On Tue, Jan 12, 2016 at 7:24 PM, Andres Freund <andres@anarazel.de> wrote: > On 2016-01-12 19:17:49 +0530, Amit Kapila wrote: > > Why can't we do it at larger intervals (relative to total amount of writes)? > > To explain, what I have in mind, let us assume that checkpoint interval > > is longer (10 mins) and in the mean time all the writes are being done > > by bgwriter > > But that's not the scenario with the regression here, so I'm not sure > why you're bringing it up? > > And if we're flushing significant portion of the writes, how does that > avoid the performance problem pointed out two messages upthread? Where > sorting leads to flushing highly contended buffers together, leading to > excessive wal flushing? >
I think it will avoid that problem, because what I am telling is not-to-sort
the buffers before writing, rather sort the flush requests. If I remember
correctly, the initial patch of Fabien doesn't have sorting at the buffer
level, but still he is able to see the benefits in many cases.

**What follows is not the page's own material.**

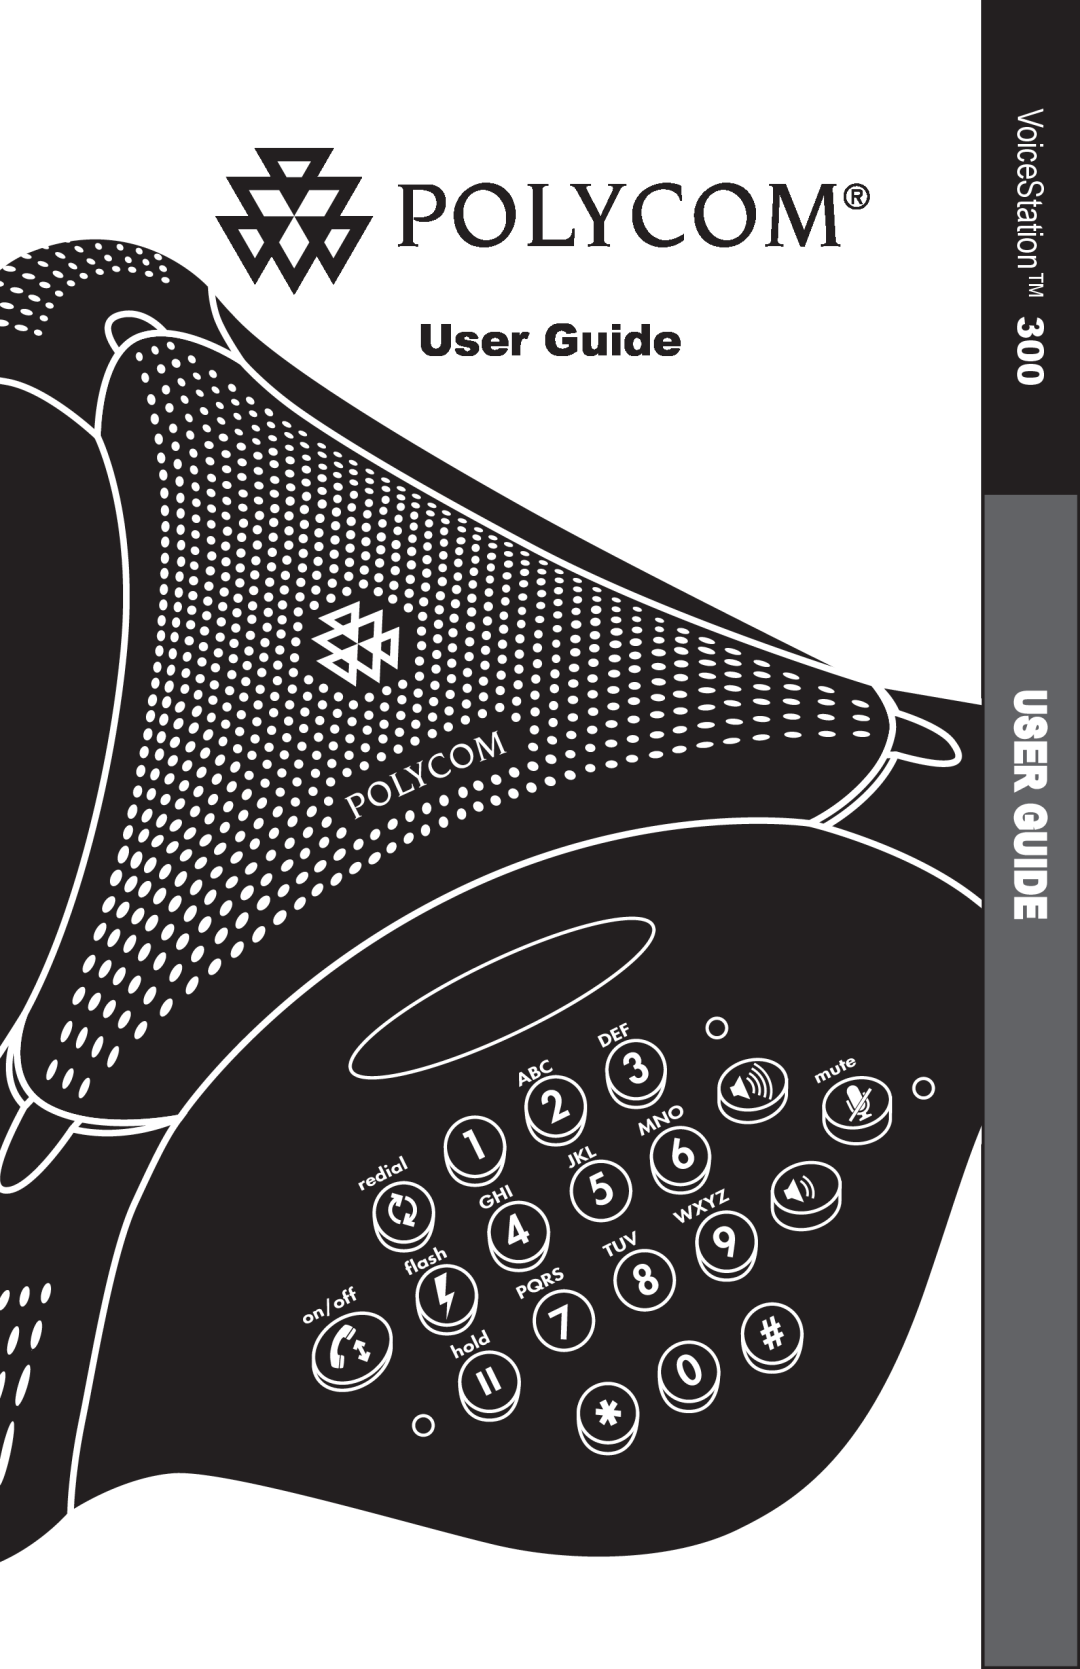 Polycom TM300 manual User Guide, VoiceStation

> > But more importantly, unless you also want to delay the writes > themselves, leaving that many dirty buffers in the kernel page cache > will bring back exactly the type of stalls (where the kernel flushes all > the pending dirty data in a short amount of time) we're trying to avoid > with the forced flushing. So doing flushes in a large patches is > something we really fundamentally do *not* want! >
Could it be because random I/O?
> > which it registers in shared memory so that later checkpoint > > can perform corresponding fsync's, now when the request queue > > becomes threshhold size (let us say 1/3rd) full, then we can perform > > sorting and merging and issue flush hints. > > Which means that a significant portion of the writes won't be able to be > collapsed, since only a random 1/3 of the buffers is sorted together. > > > > Basically, I think this can lead to lesser merging of neighbouring > > writes, but might not hurt if sync_file_range() API is cheap. > > The cost of writing out data doess correspond heavily with the number of > random writes - which is what you get if you reduce the number of > neighbouring writes. >
Yeah, thats right, but I am not sure how much difference it would
create if sorting everything at one short versus if we do that in
batches. In anycase, I am just trying to think out loud to see if we
can find some solution to the regression you have seen above
without disabling sorting altogether for certain cases.